MIT Launches New Labor on AI in Logistics

MIT Launches New Lab on AI in Logistics

July 2, 2024
Goal is to enable the design of supply chains that can set new standards of sustainability and cost-effectiveness.

The Massachusetts Institute of Technology (MIT) Center for Transportation & Logistics (CTL)  is investigating potential of machine learning (ML) and artificial intelligence (AI) to transform the future of logistics operations and goods transportation.

It is doing this by commissioning a new research lab, Intelligent Logistics Systems, which will examine several research streams that may lead to new state-of-the-art approaches to address some of the industry’s most complex challenges.

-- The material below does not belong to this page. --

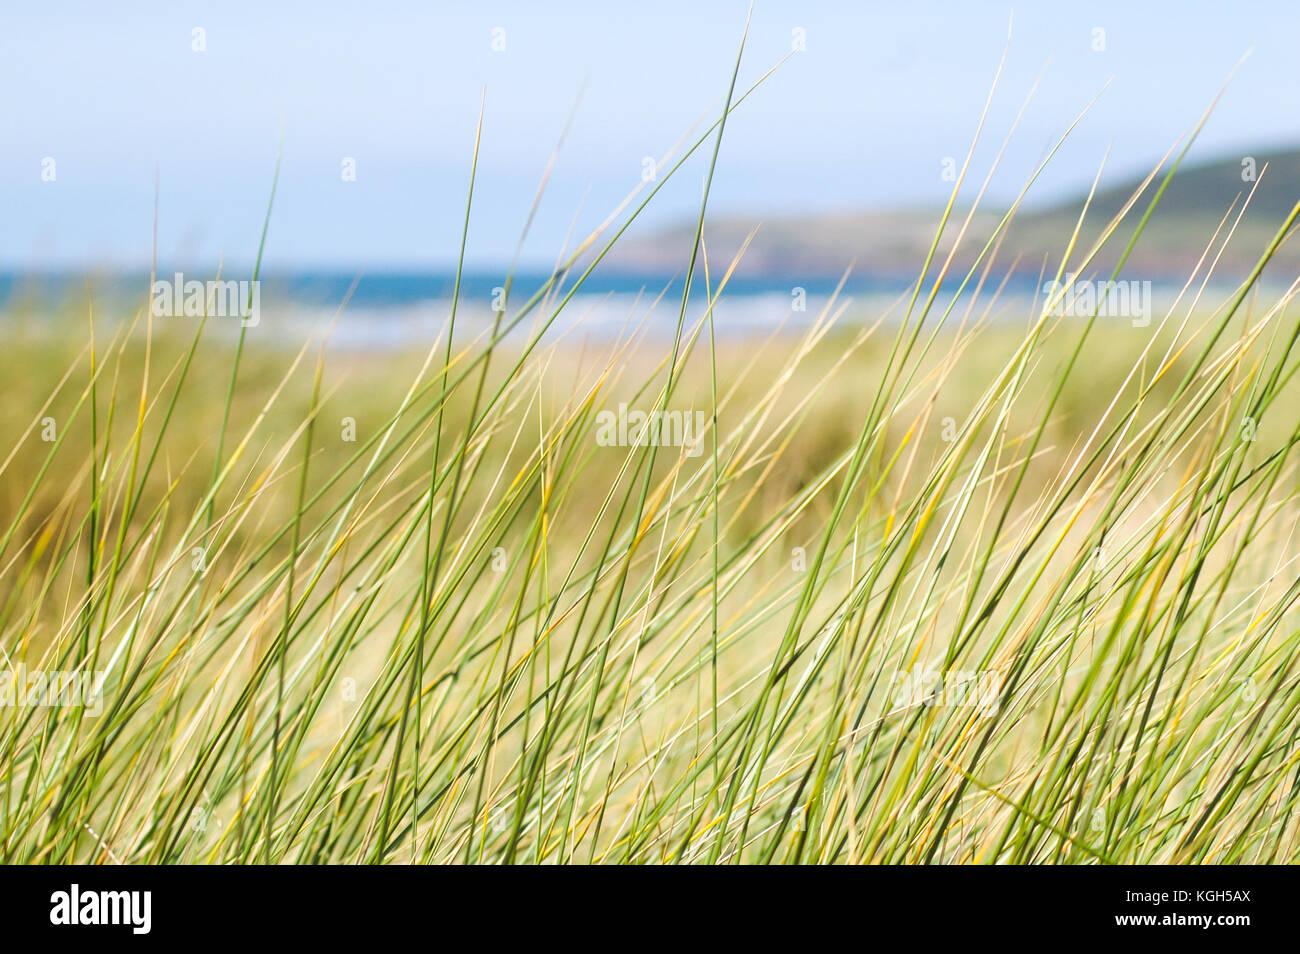 Beach grass frames the beach and sea horizon. A crest of waves and the deep blue of the sea resting in the background Stock Photo

For instance, the lab will investigate cutting edge methods and tools that are capable of producing highly accurate near-term predictions at a high spatial and temporal resolution. Such near-term predictive capabilities are critical in enabling same-day or sub-same-day delivery and similar services designed to meet the increasingly challenging needs of both consumers and commercial customers. 

The lab was funded by Mecalux.

This innovation space will be led by Dr. Matthias Winkenbach, Director of Research at MIT CTL. “We want to support the application of new AI- and machine-learning-based technologies to tackle the most impactful real-world challenges faced by companies and society,” says Winkenbach.

Technology for operational excellence
The activities of the new research lab at MIT CTL will enable the entire industry to design supply chains and logistics systems that provide state-of-the-art customer service and set new standards in terms of sustainability and cost-effectiveness.

“Operational excellence relies on the seamless integration of autonomous technology into warehouse processes. AI and machine learning can be crucial in planning and monitoring these resources,” says Javier Carrillo, CEO of Mecalux, which funded the lab. in a statement. 

The Intelligent Logistics Systems Lab at MIT CTL will also study the role of new technologies in controlling autonomous transportation and delivery systems and in automating processes such as picking, sorting, packing, and shipping orders from warehouses or stores.

Another area of research will be the development of hybrid methods at the intersection of operations research (OR) and ML. The goal will be to solve the increasingly complex and multi-faceted combinatorial optimization problems that are crucial for the success of the logistics industry, including vehicle routing, inventory planning, network design, transportation planning, and related issues.